Etyology and pathophysiology:
Hemolytic uremic syndrome is characterized – as the name implies – by non-immune hemolytic anemia, thrombocytopenia and renal failure. In childhood (especially in children < 10 years of age) the majority of HUS cases are caused by an infection with enterohemorrhagic E.coli that produces Shiga toxin and is
often referred to as EHEC/STEC HUS. Cattle are the main hosts – Shiga toxin is contained in their feces and therefore infections occur via the feco-oral route. Infection occurs after eating raw/undercooked beef, petting of animals or consumption of
In our case the symptoms suggesting this patient has STEC HUS was the history of bloody diarrhea followed by signs and symptoms of anemia, thrombocytopenia and renal failure. Clinical symptoms for thrombocytopenia include bleeding, such as repeated nose bleeds or bleeding gums when brushing your teeth, as well as increased amount and size of bruises or petechiae. Clinical symptoms for anemia include fatigue
and pallor. Clinical signs for kidney failure can include decreased urine output, very concentrated urine, microscopic hematuria and proteinuria. In rare instances, there can
be macroscopic hematuria. Edema can occur as a result of kidney failure, but is often not marked as affected children are commonly dehydrated from the diarrhea and have a history of reduced oral intake.
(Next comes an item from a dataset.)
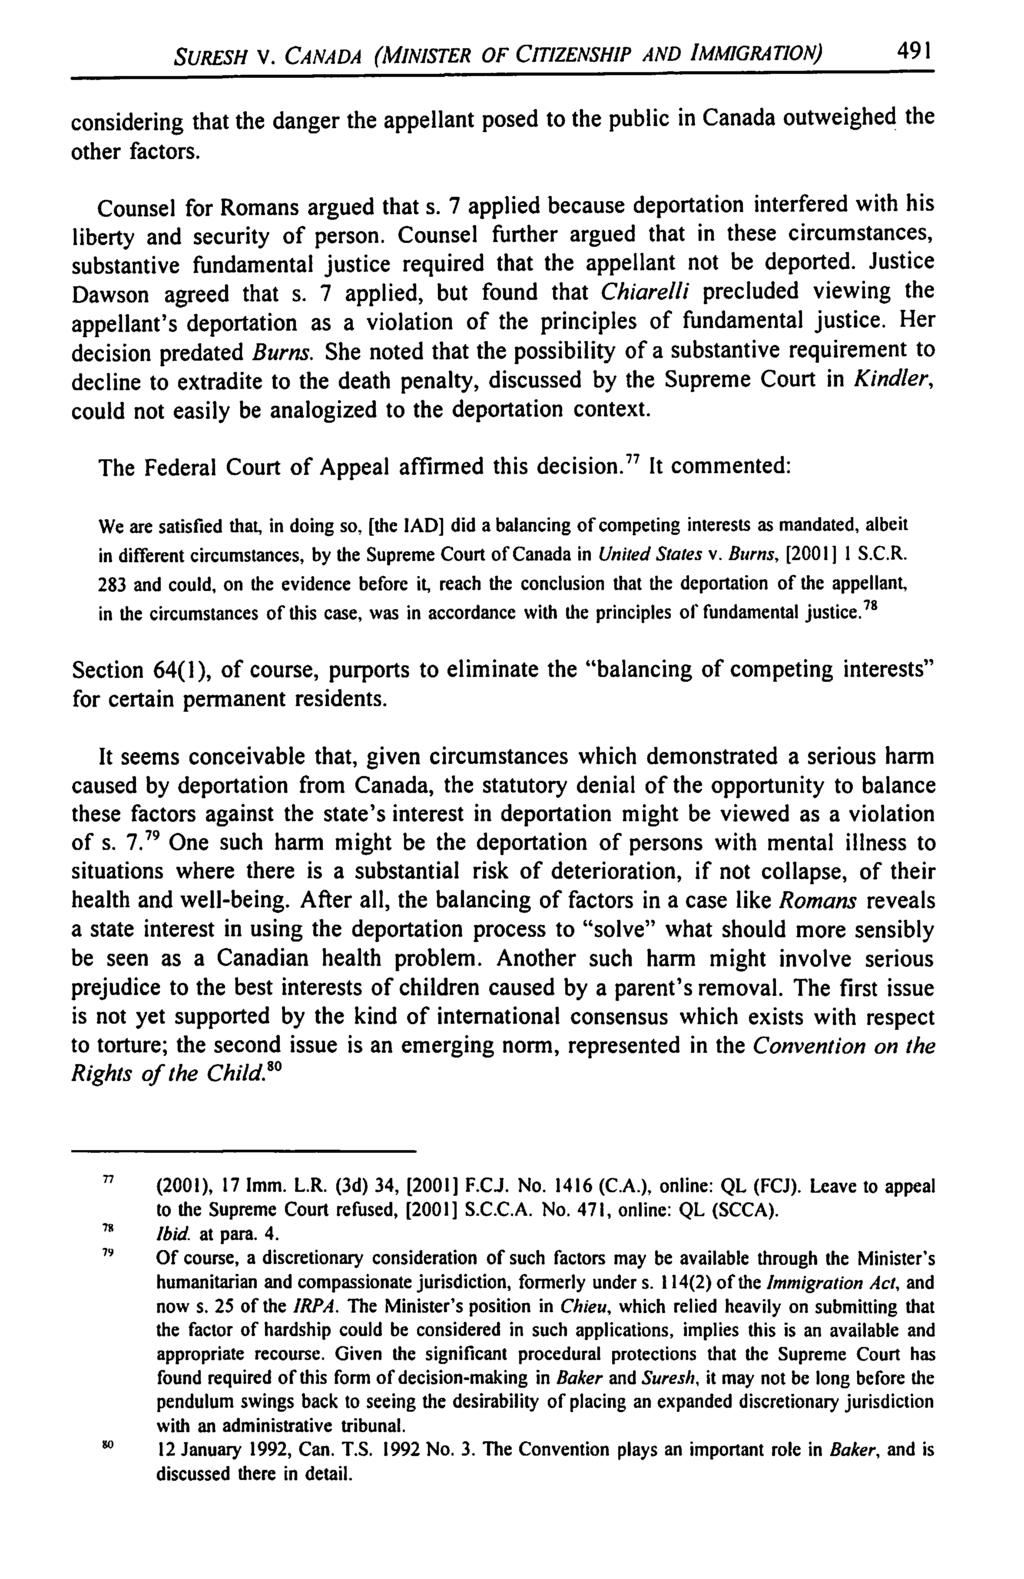 SURESH V. CANADA (MINISTER OF CITIZENSHIP AND IMMIGRATION} 491 considering that the danger the appellant posed to the public in Canada outweighed the other factors. Counsel for Romans argued thats.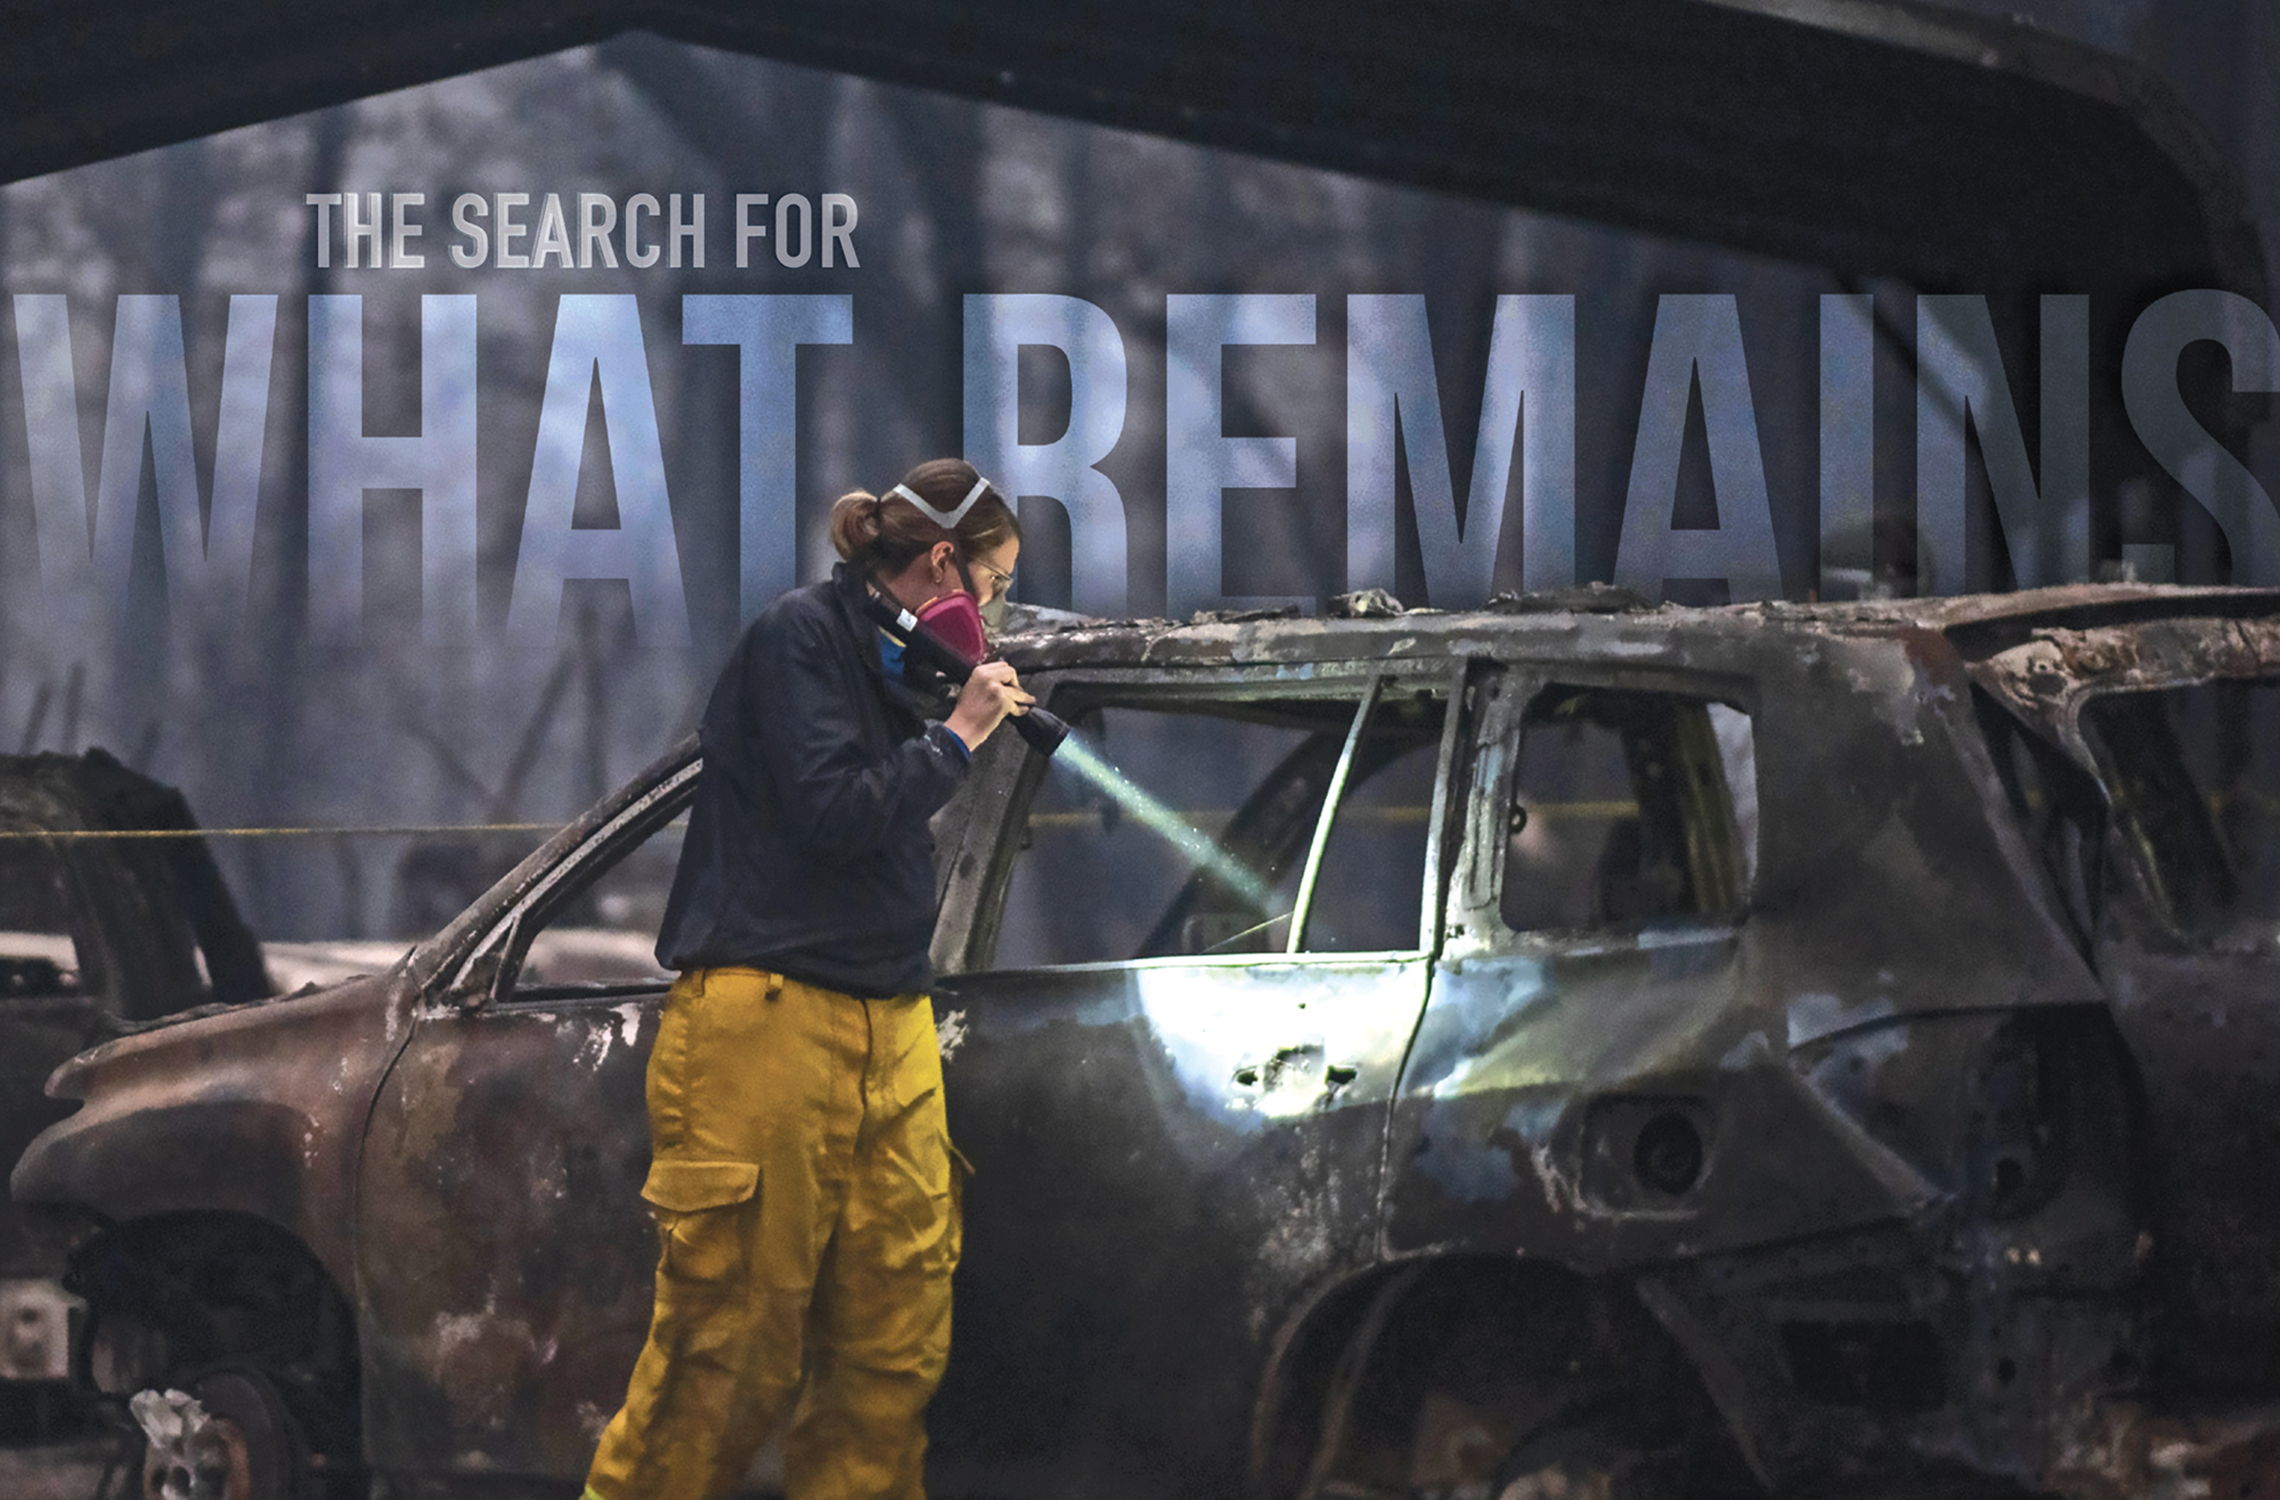 Karin Wells shines a flashlight into a burnt vehicle enshrouded in darkness from smoke with the text "The Search for What Remains" imposed bove

HUS is a clinical diagnosis including the history of diarrhea and if available, exposure to life-stock or raw/undercooked meat and lab work that shows the triad of hemolytic anemia, thrombocytopenia and impairment of renal function.
Hemolytic anemia is characterized by low hemoglobin, elevated LDH – released from damaged red blood cells, low or undetectable haptoglobin as it will bind to all the released NO from damaged RBCs and schistocytes on peripheral blood smear. As the hemolytic anemia is non-immune mediated – with the exception of pneumococcal HUS – Coombs test is negative. Often patients have an increased WBC count due to high
neutrophil counts. Impaired renal function can be detected by increase in creatinine and urea or decrease of urine output. Kidney injury can lead to electrolyte disturbances such
as hyperkalemia, hyperphosphatemia, hypocalcemia and hyponatremia, as well as acidbase imbalances, elevated BP and proteinuria/hematuria. You should also confirm the presence of Shigatoxin by sending stool samples for detection of EHEC and Shigatoxin.
Complications of HUS:
Patients with STEC HUS can also develop extra-renal symptoms. CNS symptoms include seizures, decreased level of consciousness, encephalopathy, hallucinations and headache. GI manifestations encompass pancreatitis, transaminitis and abdominal pain. Cardiac dysfunction or multi-organ failure are rare, but can be fatal. Predictors for poor outcome include CNS involvement, hyponatremia, leukocytosis and haemoconcentration at initial presentation.